The slider member 30 is movably connected with the main circuit board 11 and located away from the sensing element 20. The slider member 30 can be moved along the main circuit board 11. In this embodiment, the slider member 30 comprises a slider plate 31, a supporting post 32, a supporting arm 33 and an operation part 34. The slider plate 31 is in parallel with the main circuit board 11. The supporting post 32 and the supporting arm 33 are protruded from the slider plate 31 in the direction toward the main circuit board 11. An accommodation space 35 is formed between the supporting post 32 and the supporting arm 33. The slider plate 31 comprises a pressing part 311 at the side away from the supporting post 32 and the supporting arm 33. The sensing element 20 can be pressed by the pressing part 311. The supporting post 32 is located beside the opening 111 of the main circuit board 11 and away from the sensing element 20. The supporting arm 33 is arranged between the supporting post 32 and the pressing part 311. The supporting post 32, the supporting arm 33 and the pressing part 311 are separated from each other. The supporting post 32 is movable to the position within the opening 111 of the main circuit board 11. The supporting arm 33 is movable to the position within the perforation 112 of the main circuit board 11. The supporting post 32 and the supporting arm 33 have guiding slants 321 and 331, respectively. The guiding slant 321 is formed on a lower part of the supporting post 32 and at the side away from the sensing element 20. The guiding slant 331 is formed on a lower part of the supporting arm 33 and at the side away from the sensing element 20. Moreover, an upper corner 113 is located in the opening 111 of the main circuit board 11. The upper corner 113 and the guiding slant 321 of the supporting post 32 are movably connected with each other. Moreover, an upper corner 114 is formed in the perforation 112 of the main circuit board 11. The upper corner 114 and the guiding slant 331 of the supporting arm 33 are movably connected with each other. The operation part 34 is connected with the slider plate 31 and disposed on a top surface of the slider plate 31.
In this embodiment, the position-limiting structure 40 comprises a position-limiting groove 41 and a supporting block 42. The position-limiting groove 41 is formed in the casing 90. A first side of the supporting block 42 is movably connected with the position-limiting groove 41. A second side of the supporting block 42 is movable relative to the supporting post 32 and the supporting arm 33 and within the accommodation space 35. The position-limiting groove 41 comprises a first groove 411 and a second groove 412. The first groove 411 and the second groove 412 are in communication with each other. The second groove 412 is arranged between the first groove 411 and the sensing element 20. Consequently, the supporting block 42 can be moved within the first groove 411 and the second groove 412. Since the supporting block 42 is movable within the first groove 411 and the second groove 412, the function of movably positioning the slider member 30 is achieved.
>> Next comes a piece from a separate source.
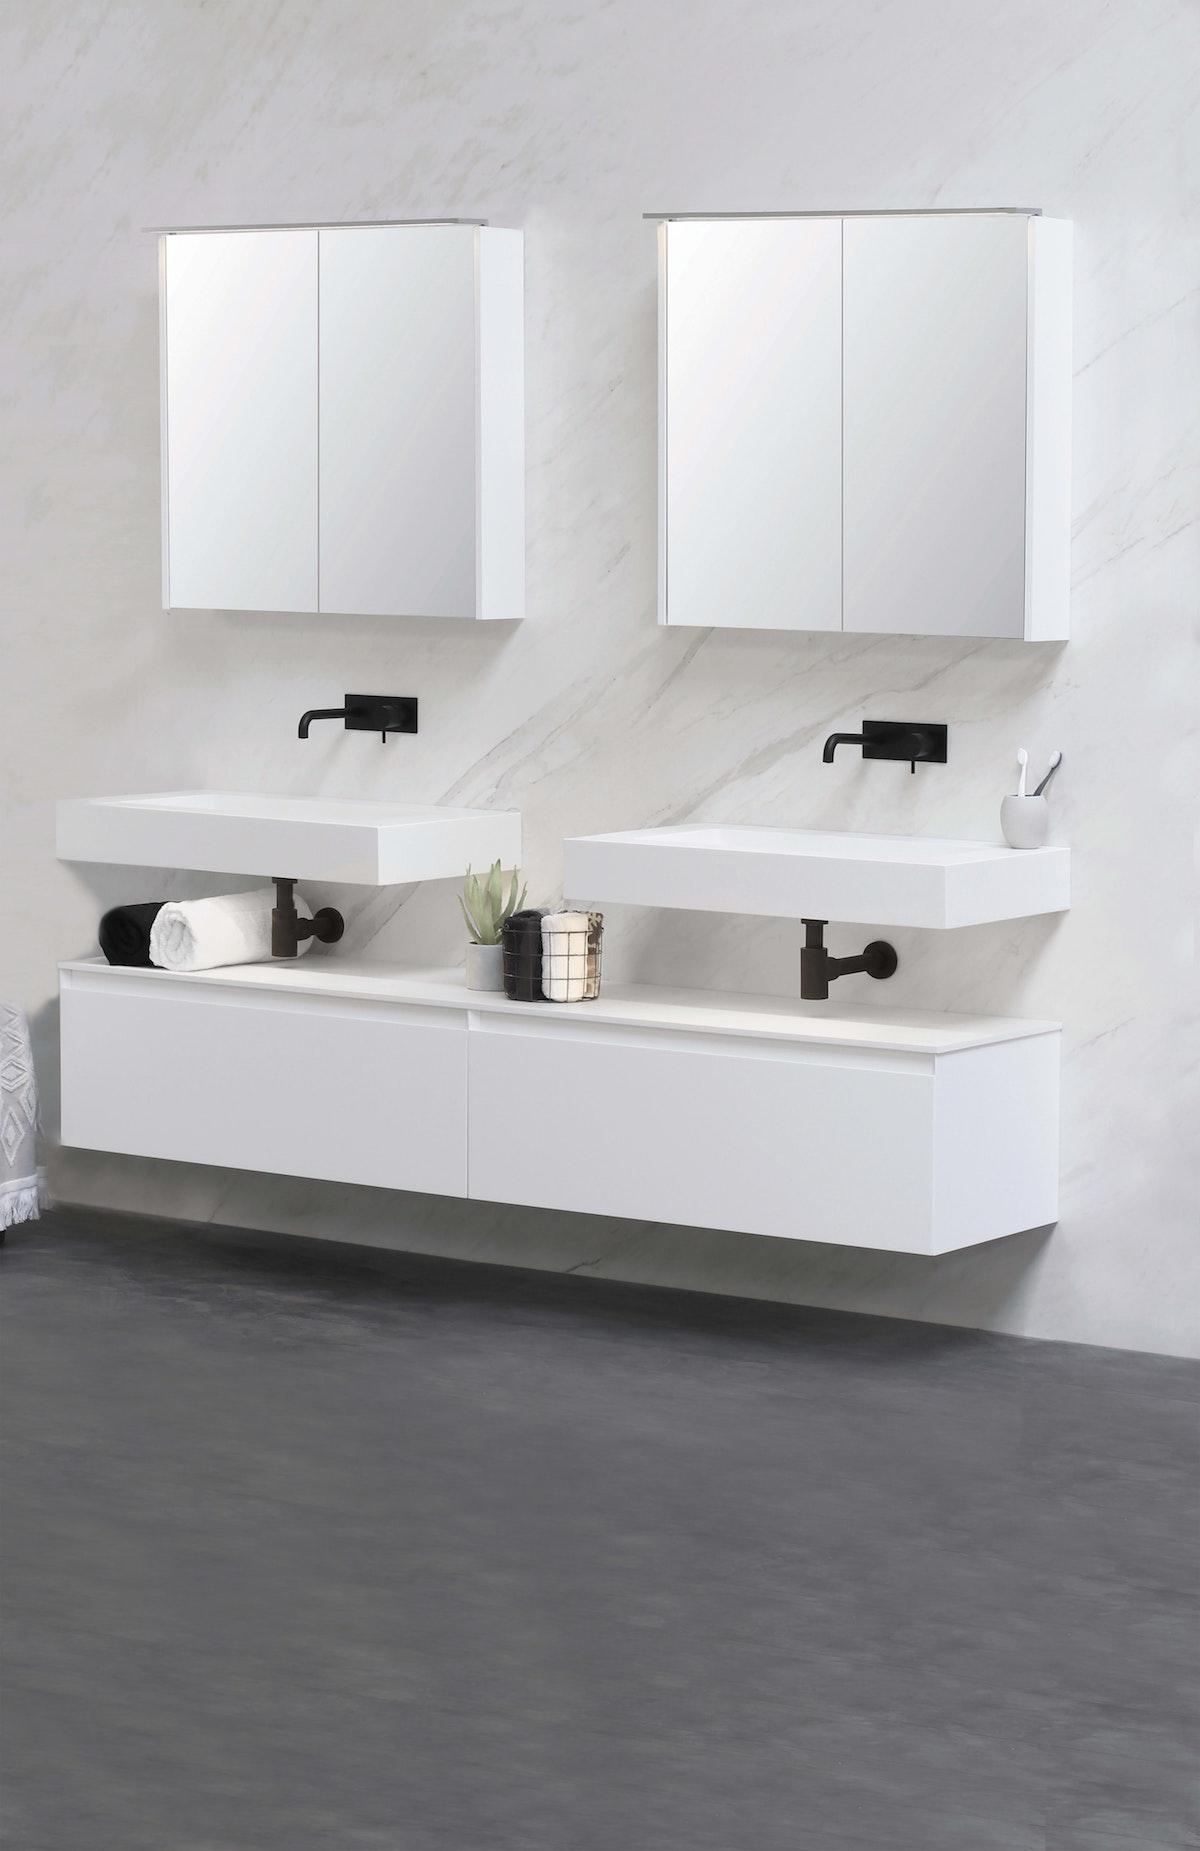 Mirrored Bathroom Cabinets
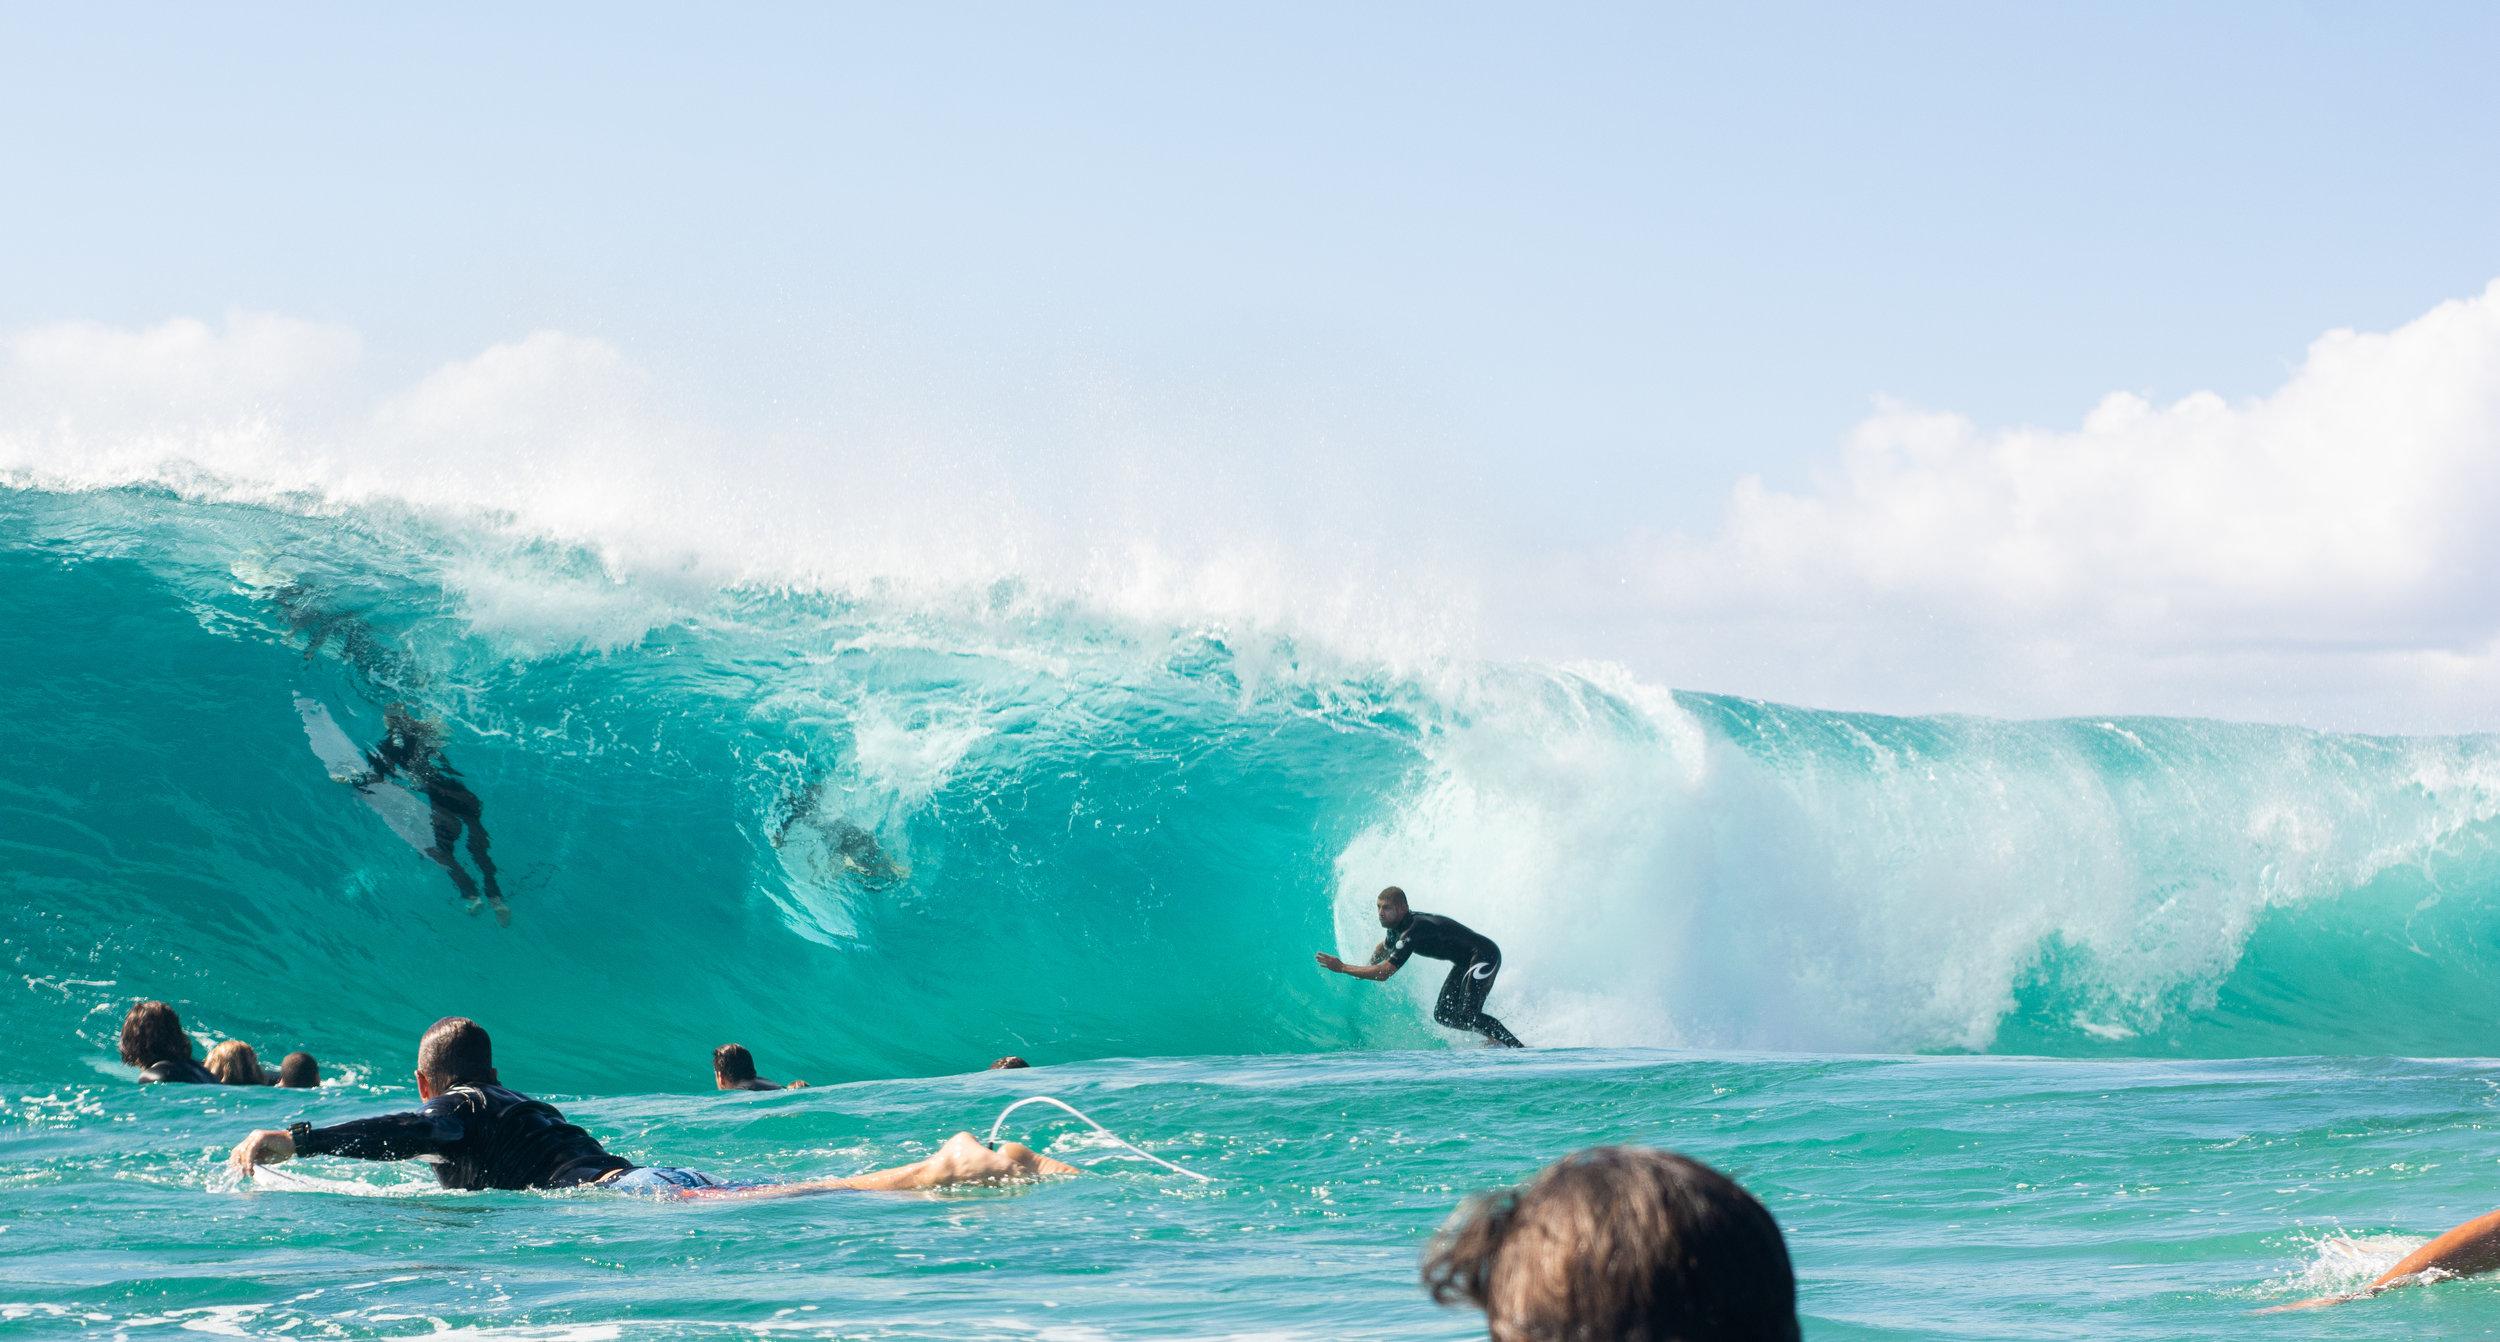 snapper_rocks_australia_saltwater_3

From the above descriptions, the movement of the slider member 30 can switch the operation mode of the slide switch 100 between the first function mode and the second function mode. Moreover, since the slider member 30 is moved relative to the circuit board assembly 10 to achieve the mode-switching function, the structure of the slide switch 100 is simplified and the volume of the layout space of the slide switch 100 is reduced. Since the efficacy of saving the layout space is enhanced, the slide switch 100 is suitably installed in the electronic device with smaller space.
When the slider member 30 is moved in the direction away from the sensing element 20, the depressing force applied to the operation part 34 is eliminated. Due to an elastic effect from an elastic structure within the sensing element 20, the pressing part 311 is moved upwardly. As mentioned above, the guiding slant 321 of the supporting post 32 and the upper corner 113 in the opening 111 of the main circuit board 11 are movably connected with each other, and the guiding slant 331 of the supporting arm 33 and the upper corner 114 in the perforation 112 of the main circuit board 11 are movably connected with each other. Consequently, the force applied to the slider member 30 is reduced. Since the force for operating the slide switch 100 is reduced, the labor-saving efficacy is enhanced.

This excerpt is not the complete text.